梅雨だる5タイプと漢方|薬剤師が見立てる湿邪・倦怠感の整え方
「梅雨に入ると体が重だるくて、何もする気が起きない」「午前中ずっと眠くて頭がボーッとする」「雨の日だけひどく疲れる」「集中力が続かない、家事や仕事が進まない」——30〜50代女性のカウンターで毎年6月に急増するお声です。中医学ではこれを「湿邪(しつじゃ)による倦怠感」と捉え、外界の湿気が体内に侵入して脾の働きを鈍らせ、気・血・水のめぐりが停滞している状態と見立てていきます。本記事では、脾虚湿盛・気虚・陽虚・痰湿・肝鬱気滞の5タイプで見立てる手順、各タイプ別の合う食材と整え方をまとめます。LINE友だち追加で5,000円分のクーポンを進呈しております。初回のご相談は無料、薬剤師歴45年の店主が60分かけてお話を伺います。
柳澤 謙行(やなざわ けんこう)/銀座漢方天風堂薬局 薬剤師
薬剤師歴45年・漢方相談のべ10,000件超/創業2000年
- 梅雨に体が重だるくなる中医学的な理由(湿邪と脾の関係)
- あなたの梅雨だるはどのタイプか、5タイプ別セルフチェック15問
- 脾虚湿盛・気虚・陽虚・痰湿・肝鬱気滞の見立てと整え方
- 「補中益気湯を飲んでも効かない」と感じる方への見立て直し
- 湿邪を体から出す3つの出口(汗・尿・便)と日常の養生
梅雨だるはなぜ起きるのか — 湿邪と脾の関係
「梅雨に入ると重だるい」「6月になると朝起きるのがつらい」「雨の日が続くと疲れが取れない」——毎年5月下旬から7月上旬にかけて、カウンターで急増するお声です。
これは「気のせい」「梅雨だから仕方ない」と諦めてしまわない方が、整え方の方向が見えてきます。

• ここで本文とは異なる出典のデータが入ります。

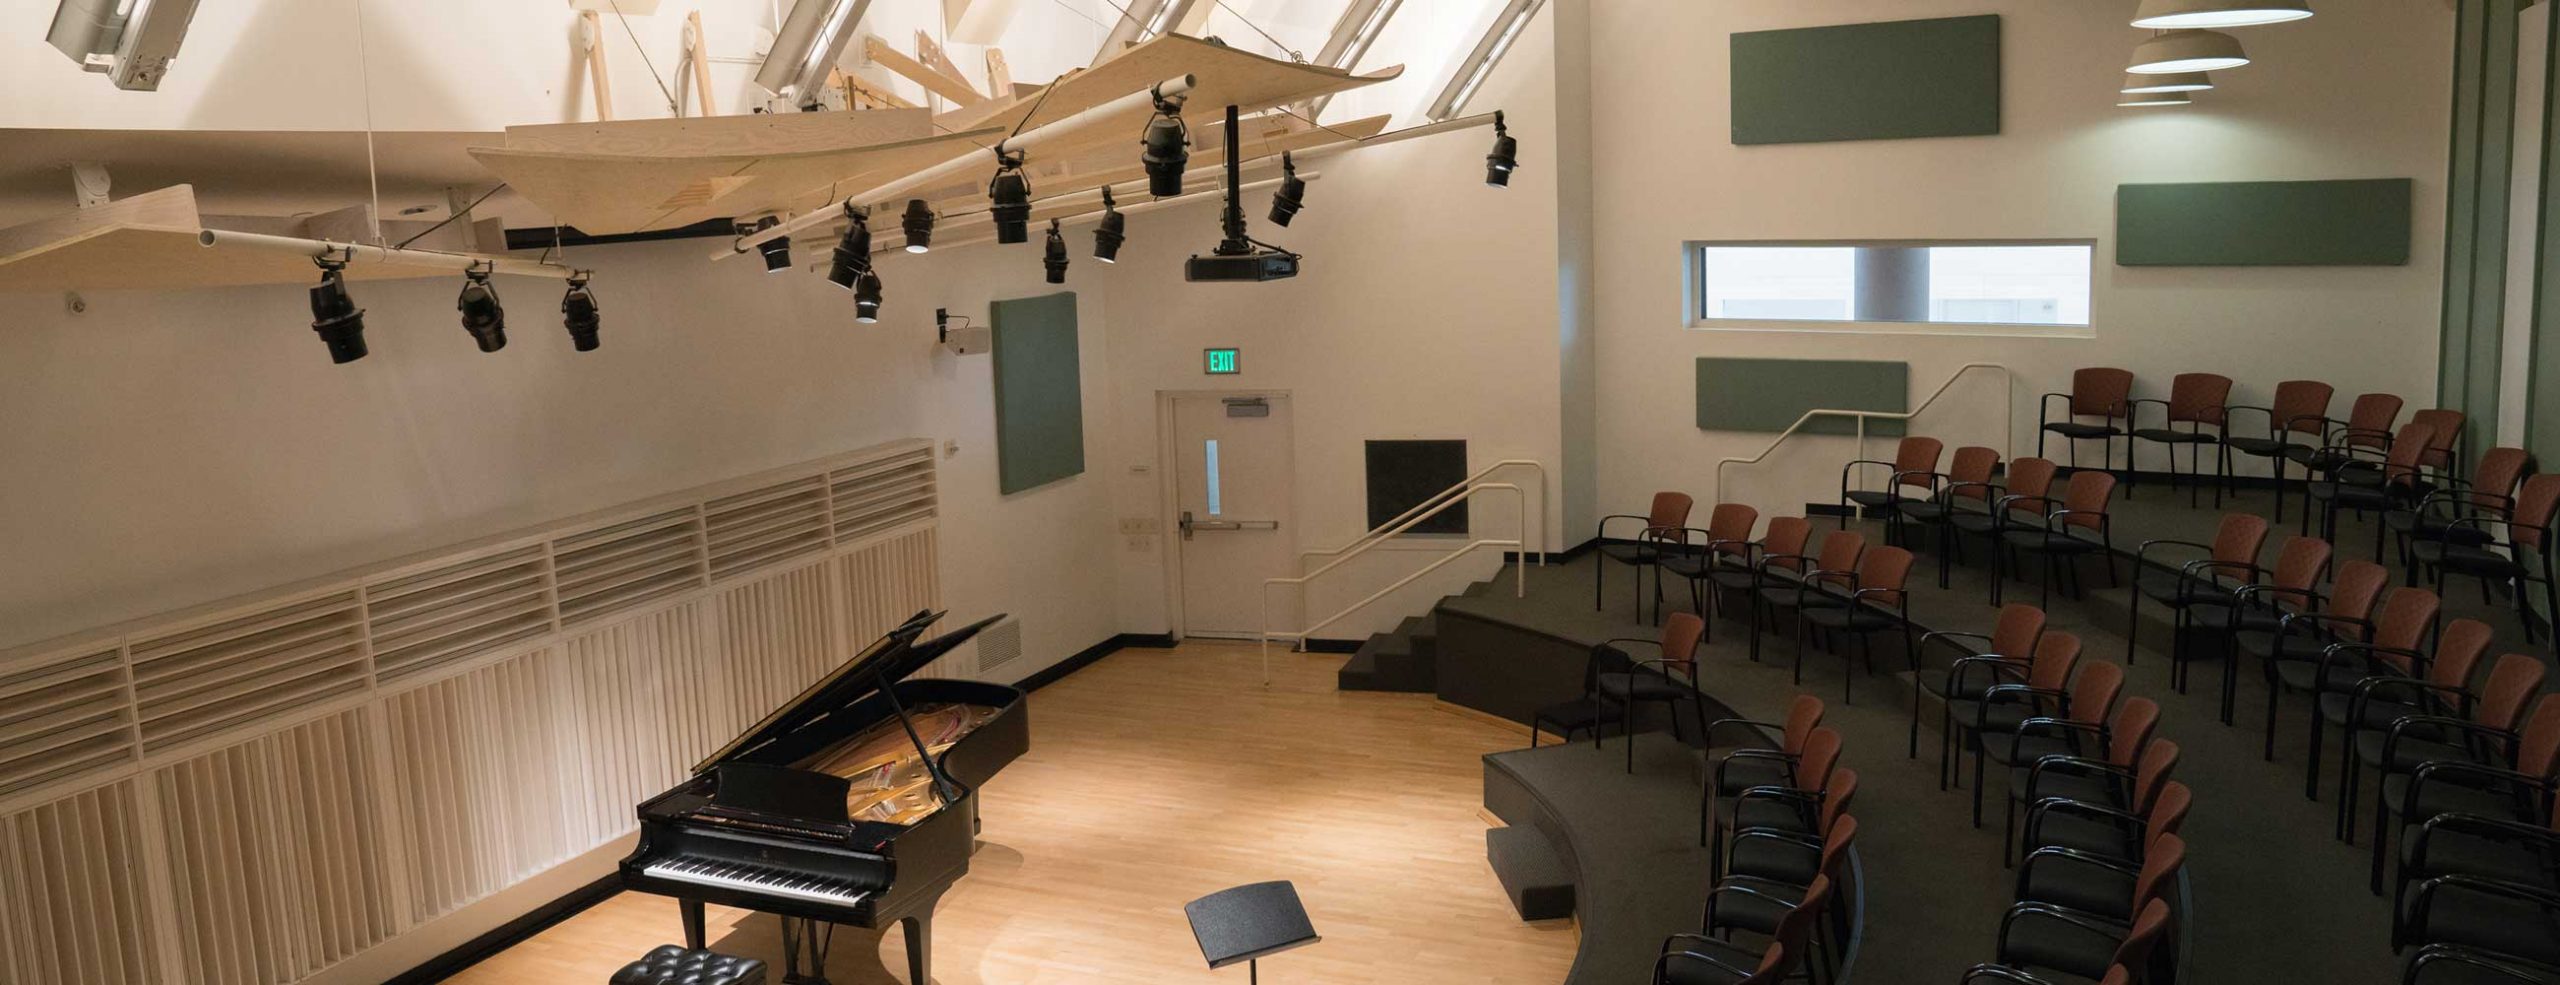 Overhead view of Mayman Hall with piano and empty lecture seats

中医学では、梅雨期は外界の湿邪(しつじゃ)が体内に侵入しやすい時期と捉えます。湿邪は重く、粘り、停滞しやすい性質を持つため、体内に溜まると重だるさ・疲労感・頭の重さ・むくみ・食欲低下といったお馴染みのパターンが揃って出てきます。
湿邪が最も嫌う臓器は脾(ひ)です。脾は中医学では「水のめぐり」を司る臓で、体内の水分代謝の中心。湿邪が脾を阻害すると、体内の水が流れず停滞し、それが重だるさや浮腫として表れます。
同じ梅雨だるでも、人によって出方は5つに分かれます。もともと脾が弱い型、エネルギーが切れている型、体を温める力が足りない型、痰湿が頭まで上がる型、ストレスで気のめぐりが詰まる型。それぞれ合う食材も、漢方処方の方向も大きく違います。
食材選びの基本的な見立て方は、「【食べ物診断】あなたの体質に合う食材は?5タイプ別ガイド」で詳しく解説しています。本記事はその中でも特に「梅雨×倦怠感」に焦点を絞った見立てです。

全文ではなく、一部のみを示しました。